Physical exercise has also been reported to increase BDNF levels (Ferris, Williams, & Shen, 2007; Gold et al., 2003; Rasmussen et al., 2009; Seifert et al., 2010; Strohle et al., 2010; Tang, Chu, Hui, Helmeste, & Law, 2008; Zoladz et al., 2008), enhance cognitive performance (Baker et al., 2010; Ferris et al., 2007; Laurin, Verreault, Lindsay, MacPherson, & Rockwood, 2001), and to promote brain health (Colcombe et al., 2003) in human adults. One study that examined BDNF levels in children with ADHD reported that as compared to controls, those with ADHD had increased levels of BDNF, and that BDNF levels correlated with neuropsychological performance as indicated by number of errors on a continuous performance test (Shim et al., 2008). However, BDNF change in response to exercise was not assessed.

Exercise and environmental enhancements also have been shown to have a positive effect on outcome in several animal models of neurodevelopmental disorders. Wheel running from an early age delays the onset of motor deficits in knock-out mouse models of Huntington’s disease (van Dellen, Cordery, Spires, Blakemore, & Hannan, 2008), and complex motor training in rats enhances synaptogenesis in the motor cortex and motor coordination following lesions of the sensorimotor cortex (Jones, Chu, Grande, & Gregory, 1999). Perhaps more relevant to the current thesis, chronic exercise blunted the developmental rise of blood pressure while increasing glutamic acid decarboxylase mRNA in the caudal hypothalamus in spontaneously hypertensive rats, which are commonly used as an animal model for ADHD (Little, Kramer, Beatty, & Waldrop, 2001). Finally, rat pups born from alcohol-intoxicated mothers have been shown to have diminished c-Fos activity in the hippocampus along with an array of neurobehavioral deficits. Postnatal treadmill exercise not only enhances c-Fos activity in the hippocampus (Sim et al., 2008), but exercise and various forms of environmental enrichment reduce the severity of behavioral deficits associated with maternal alcohol intoxication (Hannigan, O'Leary-Moore, & Berman, 2007). Thus, at least in animals, interventions involving environmental enrichment and physical exercise can yield lasting positive effects on behavioral anomalies due to both genetic and environmental etiologies.

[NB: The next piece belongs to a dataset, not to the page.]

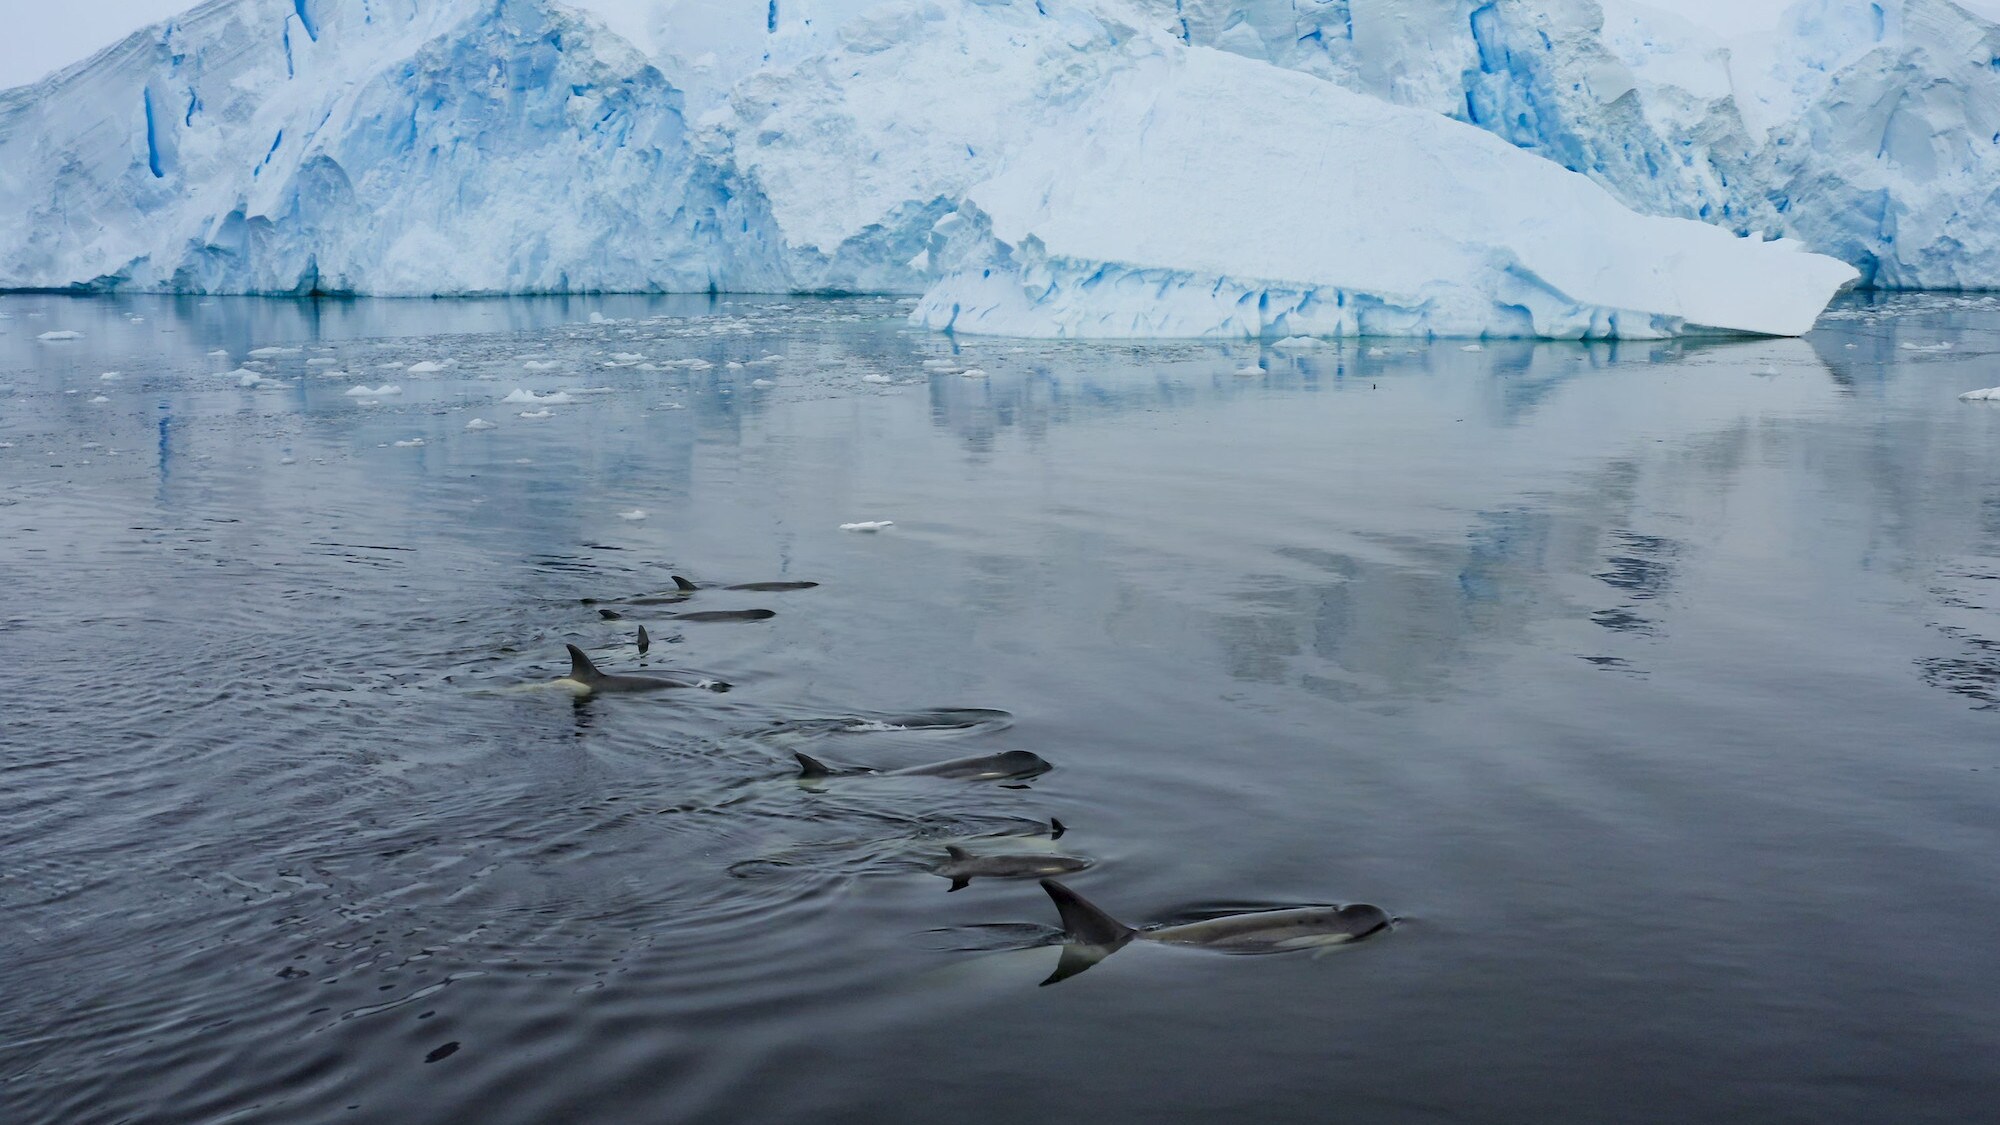 A pod of killer whales swimming along the water's surface in front of a glacier.  (credit: National Geographic for Disney+/Bertie Gregory)

Most rodent studies focusing on environmental enrichments employ a combination of social (e.g., multiple animals in a cage), cognitive (e.g., toys, tunnels) and motor (e.g., running wheels) stimuli. As such, it is difficult to determine the extent to which any one of these contributes to the positive outcome. Data suggest that both exercise and environmental enhancement contribute to positive neurodevelopmental outcomes, although not necessarily in an identical manner. Some evidence suggests that exercise affects the brain similarly to environmental enrichment, with changes including enhanced hippocampal LTP (Kim et al., 2004) and neurogenesis (van Praag, Christie, Sejnowski, & Gage, 1999a; van Praag et al., 1999b), as well as increased hippocampal and neocortical neurotrophin mRNA expression (Neeper, Gomez-Pinilla, Choi, & Cotman, 1995; Neeper, Gomez-Pinilla, Choi, & Cotman, 1996). Other studies suggest that individual elements may have different effects on neural plasticity and development. Manipulations involving problem solving and coordination increase synapse formation in the cerebellar cortex (Kleim, Vij, Ballard, & Greenough, 1997; Kleim et al., 1998), whereas repetitive physical exercise increases cerebellar blood vessel density (Black, Isaacs, Anderson, Alcantara, & Greenough, 1990). Exercise has also been found to improve spatial memory and preserve cognitive function in aging rats (Anderson et al., 2000; Fordyce et al., 1991) and mice (Anderson et al., 2000; Fordyce et al., 1993; van Praag et al., 1999a). Nevertheless, some data (Faherty et al., 2003) suggest that environmental enhancements are more effective for facilitating neural changes than exercise alone, while others (Lambert, Fernandez, & Frick, 2005) suggest that exercise, but not cognitive stimulation improves spatial memory.

Thus, preclinical data indicate that environmental enhancement and exercise have positive morphological, chemical and cognitive effects on the brain across the lifespan. Much of the human literature, with moderate success, has focused on the latter end of the developmental spectrum, with the aim of addressing cognitive declines characteristic of the elderly. These data suggest that cognitive and social stimulation, as well as physical exercise, may delay the onset of dementia and other neurodegenerative diseases (Scarmeas & Stern, 2004; Ravaglia et al., 2008; Kramer & Erickson, 2007; Arkin, 2007; Rolland et al., 2007). Furthermore, in adults, cognitive training increases cortical brain activity (Olesen, Westerberg, & Klingberg, 2004) and alters dopamine D1 receptor binding in both the prefrontal and parietal cortices (McNab et al., 2009).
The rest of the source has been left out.